Comics
Comics are a great way of working through difficult ideas. I have been using comics as a pedagogical tool in my seminars, as well as in my own research activity more widely. Here are some examples:
A Comic about Comics (for "Modern World Literatures") (2014)
In the week that students were assigned to read Marjane Satrapi's graphic novel, Persepolis, I drew this comic strip to help the students better understand how they might read comics critically. The comic strip was uploaded onto the module's Moodle site.
"Because I didn't have a camera with me, here's an illustration instead." (BAVS conference) (2016)
I drew this illustration and posted in on Twitter in September 2016, as a way of encapsulating the wonderful experiences I had at the 2016 British Association of Victorian Studies annual conference at Cardiff University (30 August - 2 September 2016). The conference theme was "Consuming (the) Victorians."

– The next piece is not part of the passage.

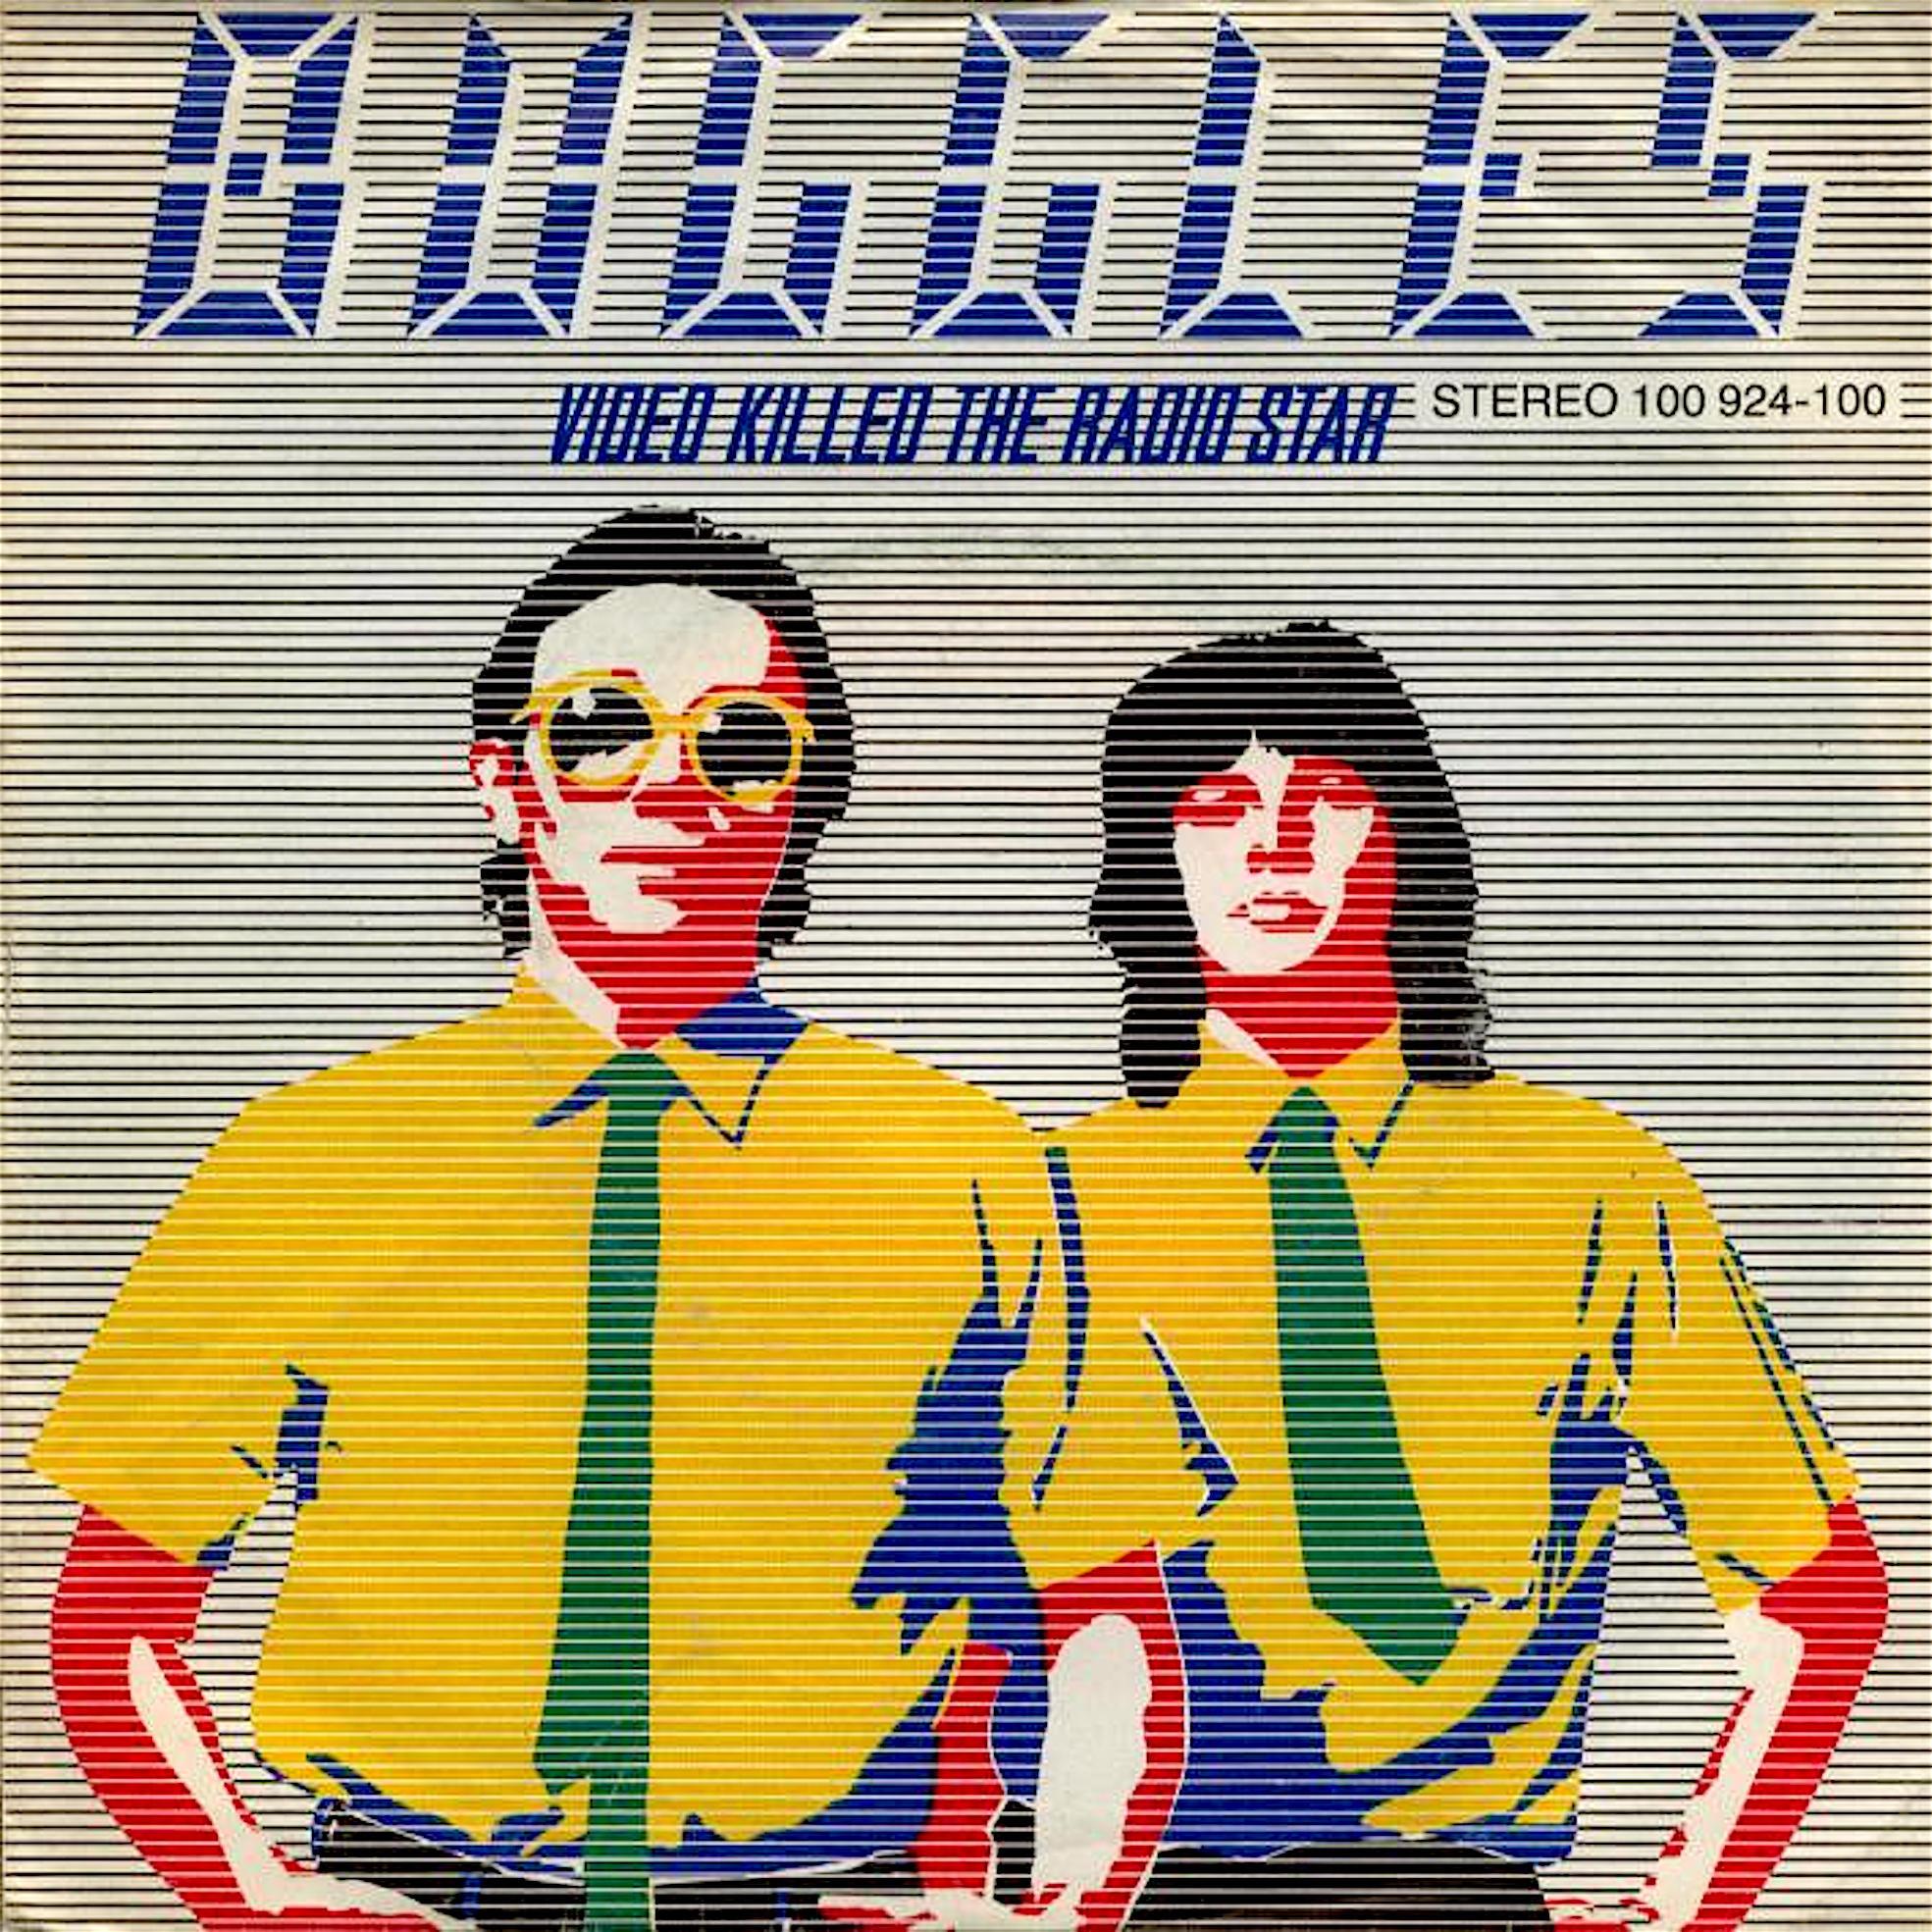 video_killed_the_radio_star_copertina_disco_1979._bugglesjpg

Heather Love's "Descriptive Turn" (for "The English 19C Novel") (2016)
Early in the course, the students were assigned 7 critical readings on theories of the novel, ranging from Bakhtin's "Discourse in the Novel" to Barthes's "The Reality Effect" to Heather Love's 2010 article, "Close but not Deep: Literary Ethics and the Descriptive Turn." I anticipated that the students would find it very difficult to read and understand all 7 readings, so I divided them into groups and got them to draw short comic strips summarising the main argument of a reading of their choice. This is the comic I drew based on Love's article, which I showed to the students as an example.
How to Use Theory (For "Modes of Reading") (2018)
An easy-to-understand way of reminding students not to simply impose theory onto the text.